We started adding more and more products to that one site and this is where we decided to expand and have a little bit more vision in the company moving forward into the future and that’s where we developed Spotlight Retail. A lot of the relationships that we developed early on opened up more and more doors with products that are completely unrelated to the water sports category. That’s when we really even back then saw the importance of providing simplified niche-specific ecommerce sites. So, again, we incorporated the Spotlight Retail name and we started branching off into individual sites, but it all started several years ago with just one water sports site.

PeC: What year was that?

Montague: The water sports site was launched in the summer of 2003.

PeC: Your growth is amazing. You mentioned that you operate currently 20 different sites, niche sites, with more likely to come. Roughly how many products do you run across those 20 different sites?

Montague: Total individual SKUs between all the sites are probably close to 10,000 at this point and every site is different. That’s the collective sum of all the sites, but we have sites with less than 50 SKUs and we have sites with several thousand SKUs. I always believed it’s not really a question of SKU count. I mean you see a lot of other e-tailers out there just throwing as much as they can at the wall and see what sticks.

I think there’s a real loss of quality there which is unfortunate. Although more SKUs I guess result in more lines in the water that could potentially lead to sales, there’s a real fine line there to cross between putting together a quality site and accurately representing these SKUs and just mass uploading whatever you can, however you can and hoping for the best. We don’t stress too much on our SKU count, but I believe at this point we’re probably right around 10,000.

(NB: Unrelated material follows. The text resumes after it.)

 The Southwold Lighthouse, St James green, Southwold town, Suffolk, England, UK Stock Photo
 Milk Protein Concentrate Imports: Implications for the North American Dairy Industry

PeC: With all of those SKUs and with all of the sites, you must have given a fair amount of thought to the platform that you’re operating on, to help with the back-end logistical issues of your business.

Montague: The shopping cart itself is called Product Cart and it’s published by Early Impact. We did months and months of research in analyzing which solution was going to be the best fit. Now, we could have spent a tremendous amount of money in the seven figures, millions of dollars, to have a customized solution put together for us and then we just started looking at the pre-packaged solutions out there on the market and it wasn’t long after discovering Product Cart that we realized that, one, it pretty much served as a complete substitute to having to pay that type of money for a custom solution and two, the back-end tools that it offers far outperformed any other solution that we’d researched along the way. So, Product Cart is the shopping cart software that we use. As I said earlier, the logistics of our business model is a little bit more challenging, but with having every one of our sites operate on the same platform, they can very easily talk to one another and we’ve been able to centralize all of our back-end processes.

PeC: Speaking of logistics, do you fulfill everything yourself?

Montague: We’re probably right now on a 70/30 split. We inventory about 70% of our sales and we drop-ship about 30%. Much of the drop ship, however, is re-drop-shipped with vendors that we actually inventory products from and it may just be at that given time or out of stock, so we have it shipped directly from the manufacturer. An overwhelming majority of our shipments come directly from our warehouse.

PeC: Do you have any advice for smaller retailers?

Montague: I think there are definitely a few undeniable factors that allow an ecommerce merchant to thrive and succeed or unfortunately to die of a quick death. In my opinion, customer support is definitely number one and not too far behind it would be cost controlling. Those would be the two top things that I would advise ecommerce merchant business owners to really be at the forefront of their efforts. With regards to customer support, at the end of the day, the only thing you really have left is your word and the customer support that you’re able to offer. I’ve really seen a lot of these e-tailers come and go along the way and I’m shocked at how business owners allow this side of their business to slip away.

From the cost controlling side of things, I think it’s probably one of the biggest common denominator that puts people out of business as well. I mean you need to be constantly aware of your operating expenses at all times. You’ve got to understand the meters that are constantly running and you have to be aware of every single one of them. So, it’s really controlling those costs because they add up very, very quickly.